Restam os caminhos de terra, resta ainda a gente simples, a modesta lavoura e os mais antigos, que vez por outra se permitem contar histórias e matar a saudade do passado. Saudade do bom e velho Buru, da Senhora das Neves.



A origem do nome


As razões para o nome Buru não constam em nenhuma publicação sobre a história saltense. E, também, não era explicada por nenhum cidadão. Porém, a palavra é indígena e vem sendo empregada há séculos, sem dúvida.


No livro Araritaguaba: o Porto Feliz, o professor Jonas Soares de Souza incluiu um texto já antigo, do historiador Afonso de Taunay, a título de explicar como eram feitas as canoas e os batelões utilizados pelos bandeirantes em suas viagens pelo Tietê, a caminho de Cuiabá. Num trecho do artigo, Taunay falava da procedência das melhores árvores (ximbó, tamboril e peroba) nas quais as embarcações eram cavadas: “(...) contou-nos João Evangelista Pompeu de Campos, saudoso amigo, rico repertório vivo de coisas tradicionais que a mata do Mburu, perto de Indaiatuba, era célebre pela corpulência das árvores. Nela avultavam gigantescas perobeiras. (...) Diz Cardoso de Abreu que, sobretudo perto de Capivari, se adensavam as árvores maiores da floresta admirável daquela zona”.

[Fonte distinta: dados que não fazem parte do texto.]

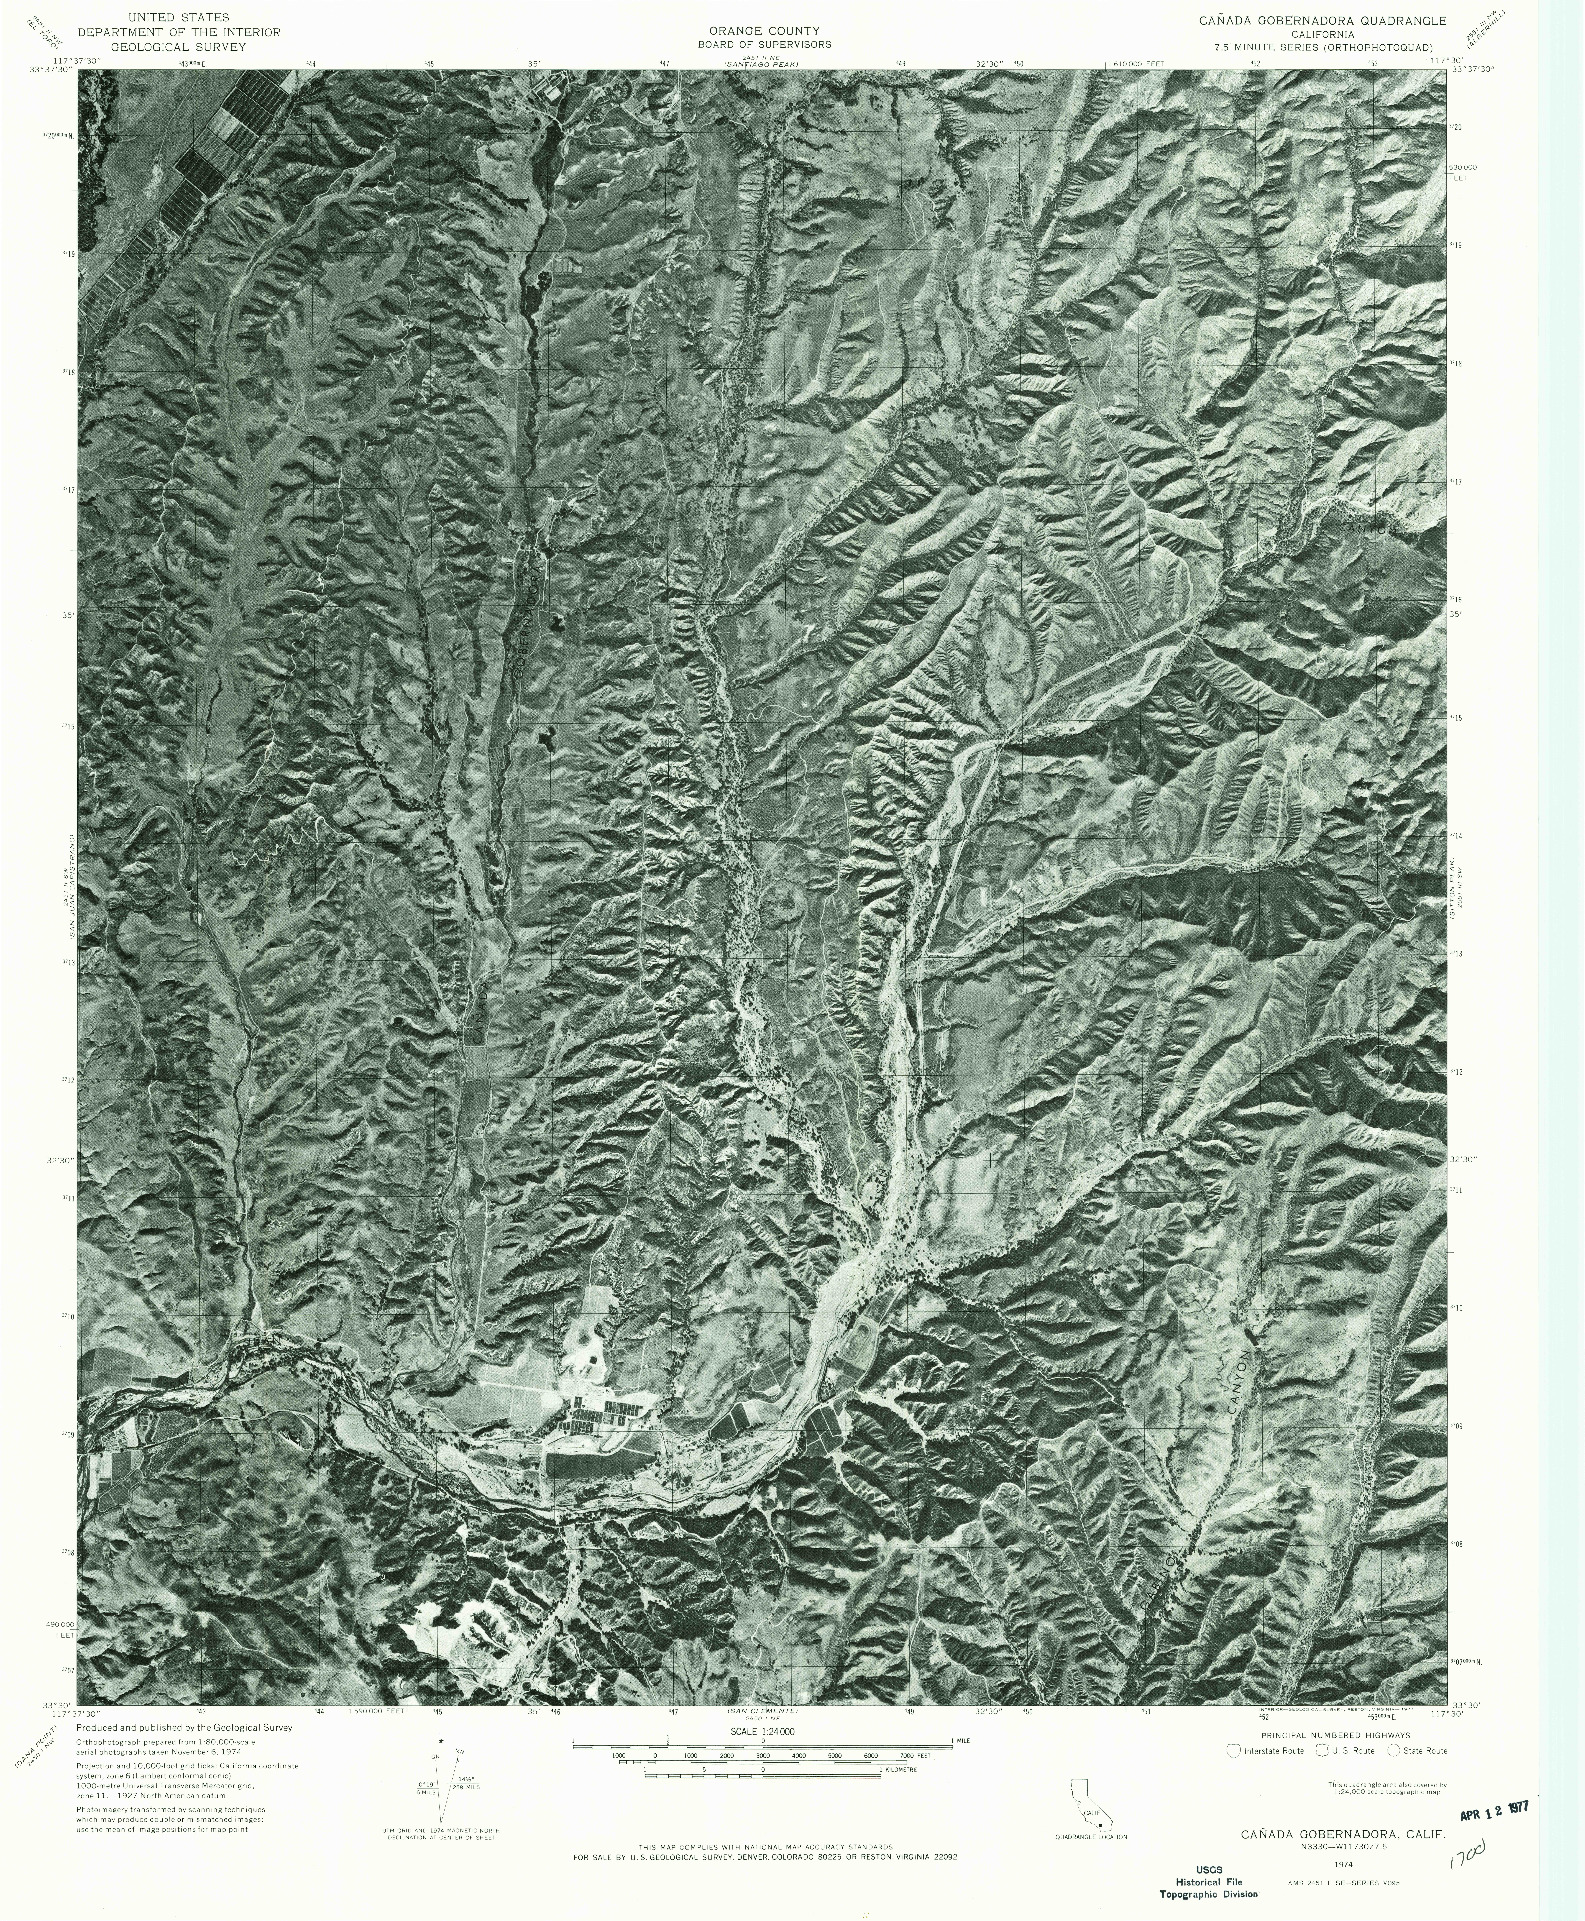 USGS 1:24000-SCALE QUADRANGLE FOR CANADA GOBERNADORA, CA 1974

Portanto, tudo que o tempo fez foi eliminar o sotaque bugre da palavra Mburu, incluindo para sempre na fala das gerações, a forma mais suave, Buru.

6 comentários:

Michel F.M. disse...

História Pura.

Muito Bom,

Parabéns.

Lazaro disse...

Olá,

gostaria de saber se você sabe informar se o Sr Antonio Cafe, citado no texto, ainda é vivo e se ele ainda atende na cidade de Salto SP>

Unknown disse...

eu estudo nessa escola
é muito legal

Unknown disse...

eu estudo nessa escola
é muito legal

Anônimo disse...

Nossa me lembrei muito de minha infância que passei no buru, e sou um dos decendentes da familia ferraz. Gostei muito de ter relembrado parabéns pelo blog!!!

Unknown disse...

Meu bisavô o italiano Francesco Bergamo era dono das terras do Buru, que iam até cardeal. Era dono também da fazenda Espirito santo com sede no centro de Cardeal. Ultimamente pertencia ao Ceccon casado com a dona Nenê Bergamo. Eles mudaram a sede da fazenda mais próximo de indaiatuba.